Es un fabricante de nicho, de muy bajo volumen. Tanto que son muchos los que desconocen que sigue en activo, pero la británica AC Cars sigue produciendo pequeñas obras de arte en tiradas muy limitadas que hacen las delicias de los aficionados al automóvil, como es precisamente su último lanzamiento.
Se trata del AC Cobra GT Coupé, un deportivo que no se limita a añadir un techo fijo al ya conocido Cobra GT Roadster, que es lo que llama la atención (ambos comparten aproximadamente el 75 % de su ingeniería), sino que el Coupé se desmarca al haber recibido un importante trabajo de desarrollo específico para reforzar su personalidad.
Tanto es así que AC Cars lo define como un gran turismo de altas prestaciones, sin llegar coche de circuito radical. Su diseño parte del modelo conceptual presentado en 2024, que toma como referencia directa el AC A98 Coupé que compitió en Le Mans en 1964. Esa inspiración se aprecia especialmente en la zaga, donde aparece una característica terminación tipo Kammtail. Esta solución aerodinámica, utilizada históricamente en competición, permite mejorar la eficiencia del flujo de aire sin necesidad de recurrir a una carrocería excesivamente larga como son las de tipo long-tail.
Otro de los elementos más distintivos es el techo de doble burbuja o «double bubble». Además de aportar una imagen muy característica, permite reducir la altura general del vehículo manteniendo un buen espacio para la cabeza de los ocupantes.
El chasis utiliza una estructura de aluminio extruido diseñada para ofrecer una elevada rigidez con un peso contenido. Gracias a ello, el GT Coupé se queda en torno a los 1.600 kg y mantiene un reparto de pesos cercano al ideal 50:50. Las dimensiones también reflejan la evolución del concepto Cobra. Con 4,22 m de longitud, 2,57 de batalla y 1,98 de anchura, es notablemente más grande que los Cobra clásicos.

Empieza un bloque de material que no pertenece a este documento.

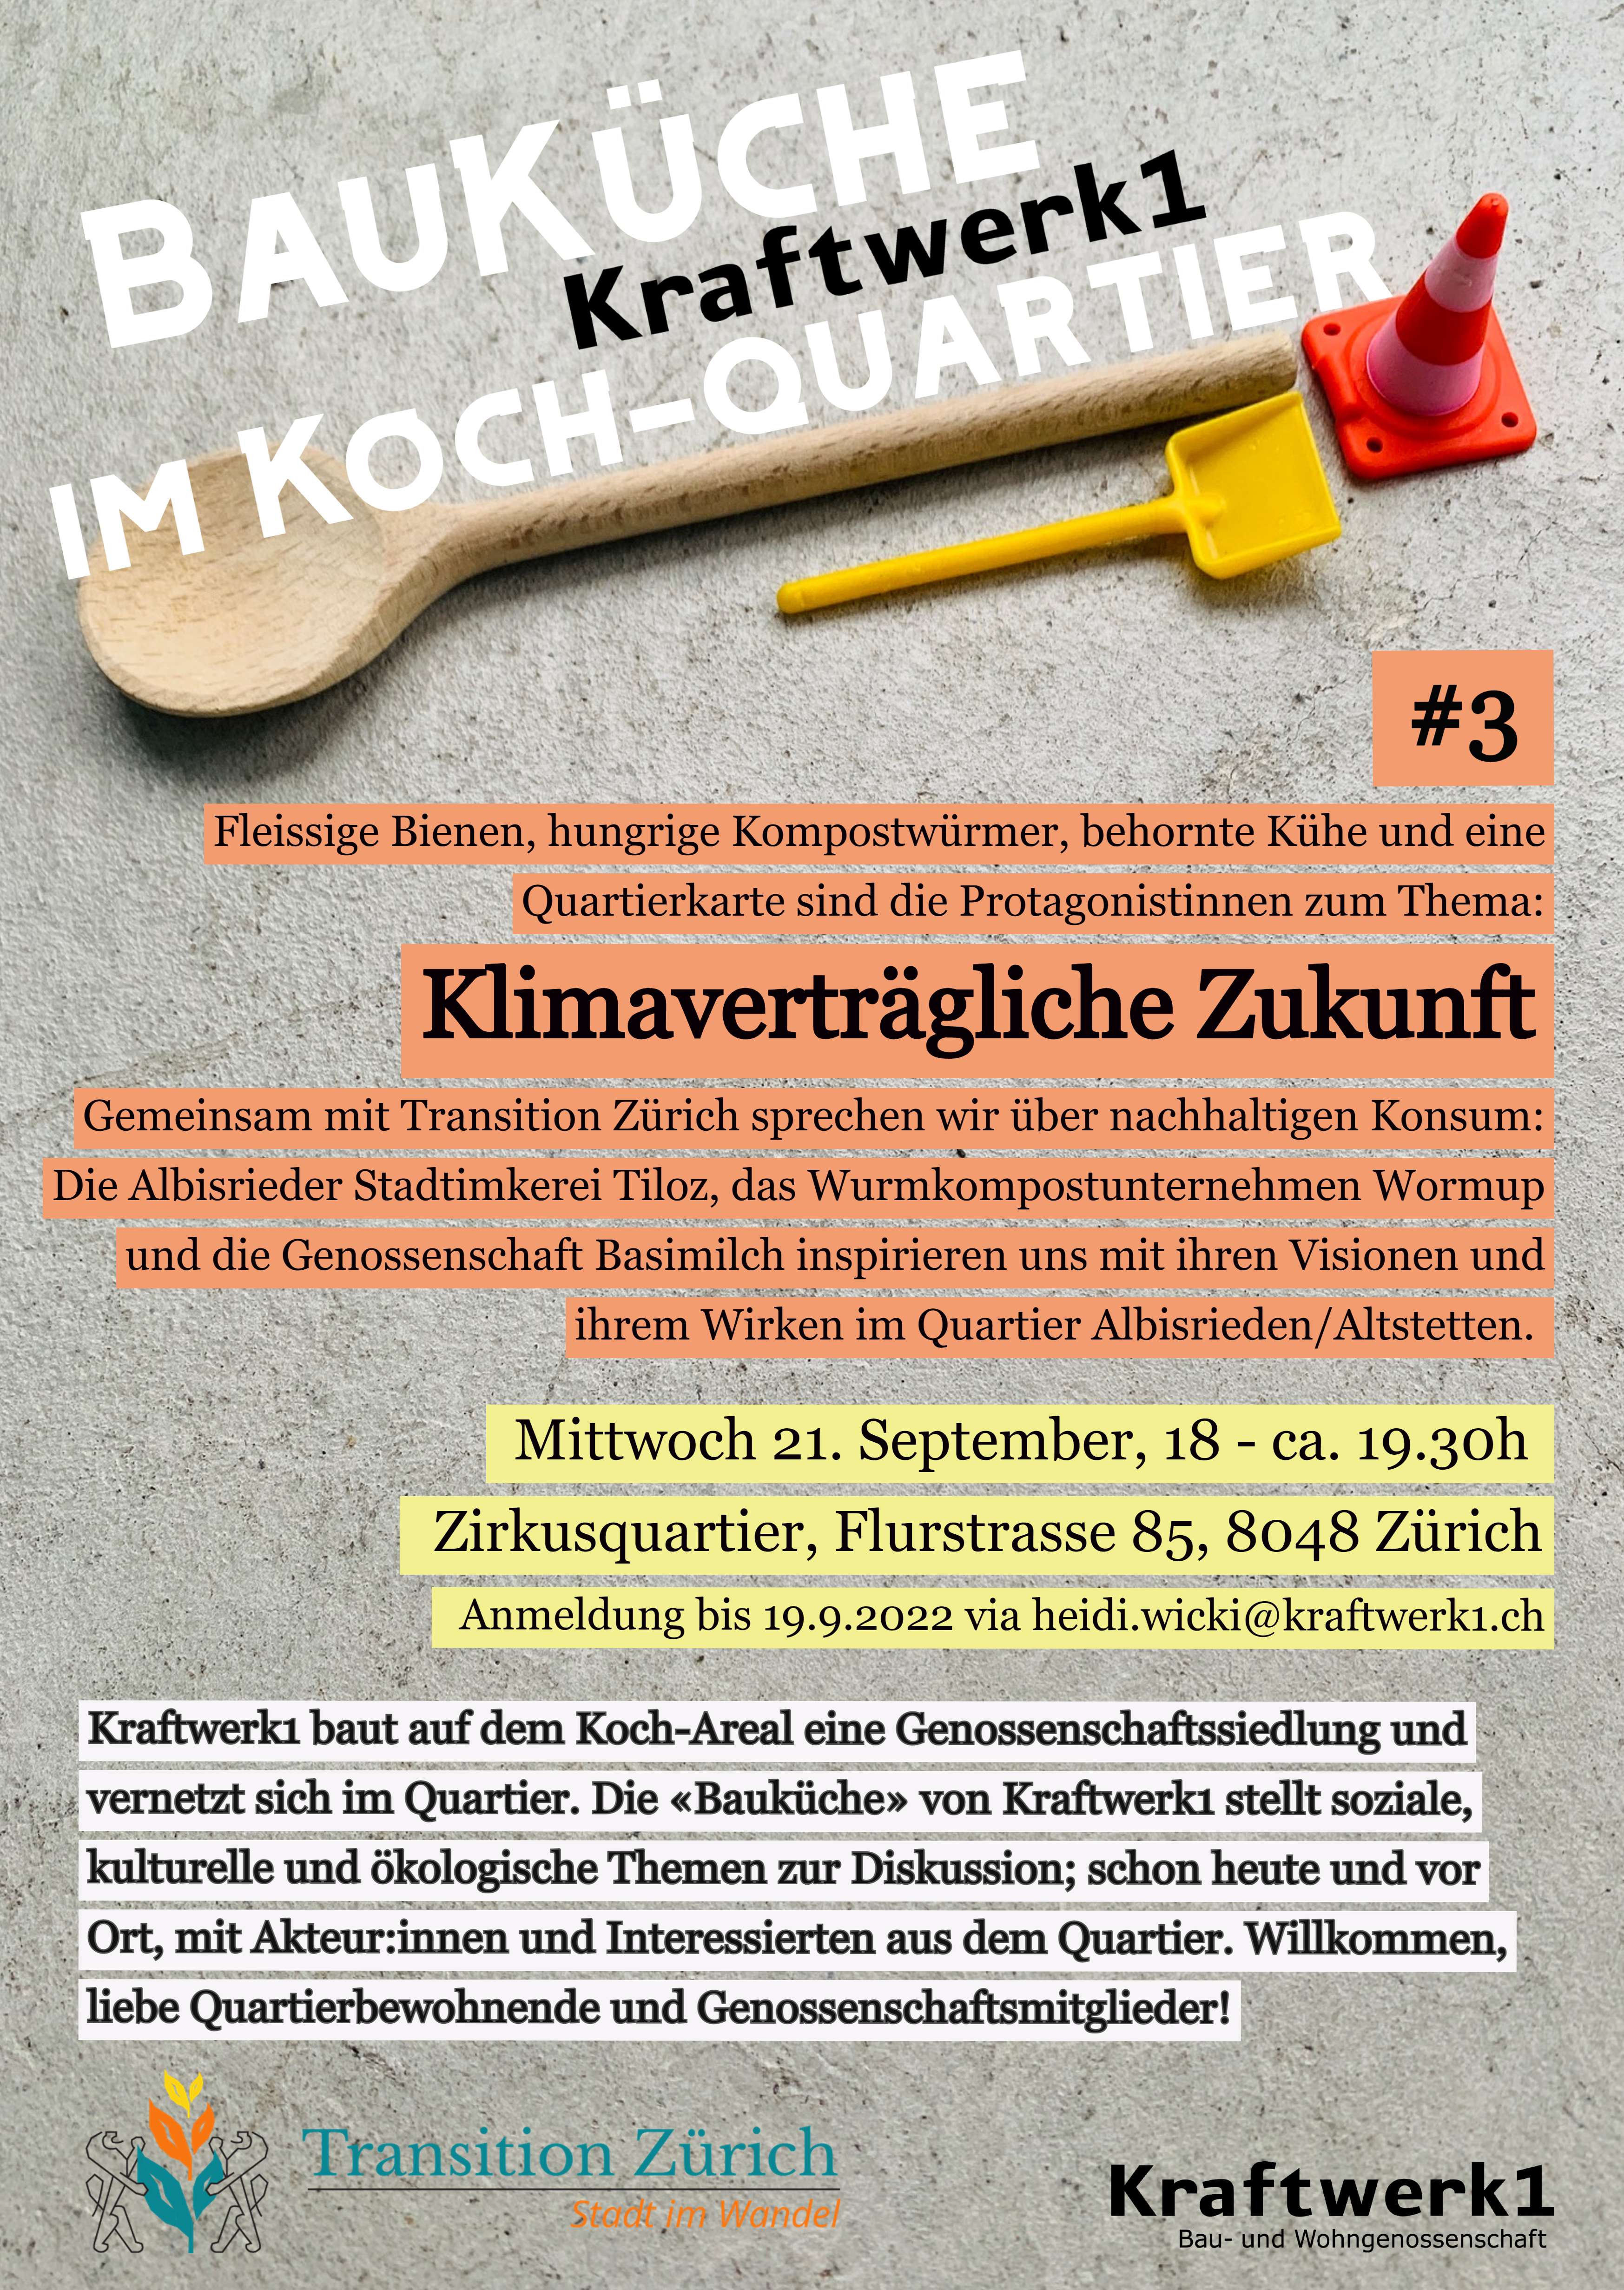 Bauküche #3: Nachhaltiger Konsum mit Transition Zürich

El apartado mecánico sigue confiando en el motor V8 atmosférico de origen Ford, el famoso V8 Coyote, un 5.0 litros disponible en dos configuraciones: una versión de acceso que desarrolla 456 CV y 555 Nm de par, y una variante sobrealimentada que alcanza nada menos que 730 CV y 820 Nm. Esta última es capaz de acelerar de 0 a 60 mph en menos de 3,5 segundos. Los clientes podrán elegir además entre una caja manual de seis velocidades o una transmisión automática de diez relaciones con levas en el volante.
En el interior, AC Cars mantiene una filosofía muy diferente a la de la mayoría de fabricantes actuales, que diseñan interiores de personalidad anodina. Predominan los materiales artesanales, las superficies tapizadas en cuero y numerosos elementos personalizables, aunque no hay imágenes del interior. Sin embargo, no renuncia a la tecnología moderna, incorporando instrumentación digital, sistema multimedia con navegador, climatizador y diferentes opciones de configuración a medida.
La exclusividad, para acabar, seguirá siendo uno de sus mayores argumentos. Cada unidad se fabricará específicamente para su propietario y la producción será extremadamente limitada. El precio arranca en 234.300 libras para la versión atmosférica, unos 275.000 euros al cambio actual antes de impuestos, mientras que la variante sobrealimentada parte de 256.300 libras, aproximadamente 301.000 euros.